Hi, there, I use DeeplabV3+ for a multiple class semantic segmentation. But I found that the network got all-zero probability map as a result, what's the problem it will be? After I check the middle output, I got maybe the zero-map is generated from ASPP module. How can I edit this module to get a probable output?

And, as a result, this result not generated randomly, sometimes got normal output, but sometimes got all zero. This is very confusing...

Thanks a lot!

DaddyWesker commented 1 year ago

I'm getting all-zero prediction from model as well. I'm using predict.py, downloaded best_deeplabv3plus_resnet101_voc_os16.pth , loaded it, sending simple png image as an input and getting black output (preds are all zero). And this result is not random - i'm getting it every time. P.S. nvm, I've tried to load another ckpt trained on cityscapes and it gaves me a result.

DISAPPEARED13 commented 1 year ago

I'm getting all-zero prediction from model as well. I'm using predict.py, downloaded best_deeplabv3plus_resnet101_voc_os16.pth , loaded it, sending simple png image as an input and getting black output (preds are all zero).
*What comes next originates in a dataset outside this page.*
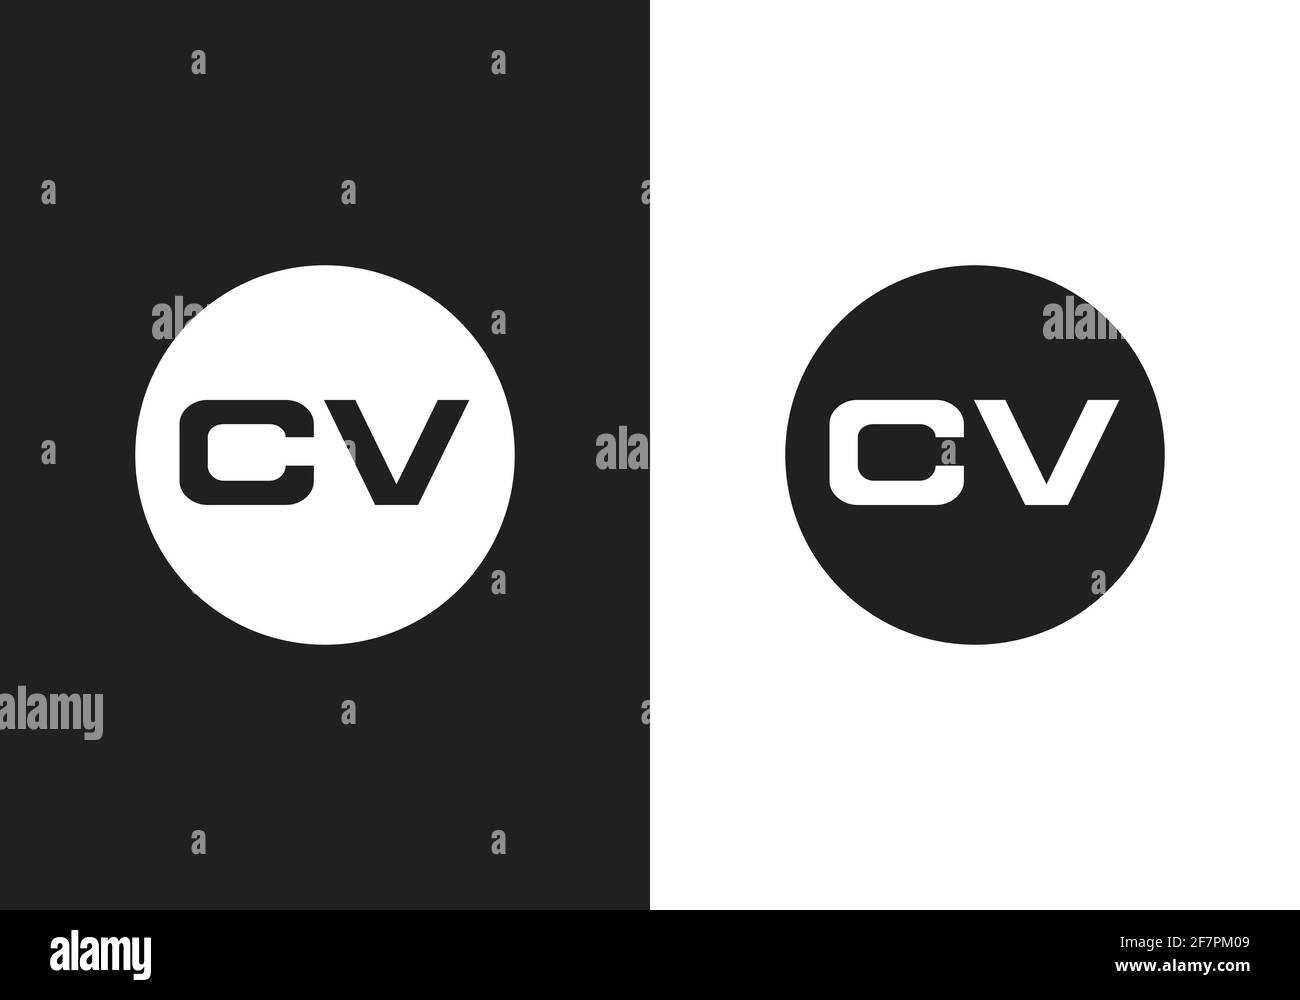 Initial Monogram Letter C V Logo Design Vector Template Stock Vector

And this result is not random - i'm getting it every time. P.S. nvm, I've tried to load another ckpt trained on cityscapes and it gaves me a result.

Hi, there, thanks for advice. I got that because the loss function might not suit my problem, so just check and change it will be fine. There were two bugs in my issue, one is the loss function, the second one is the softmax-before-loss problem. After all these problems fixed my train progress went well. The loss function I use now is Dice+CrossEntropy, even only with one of them should work.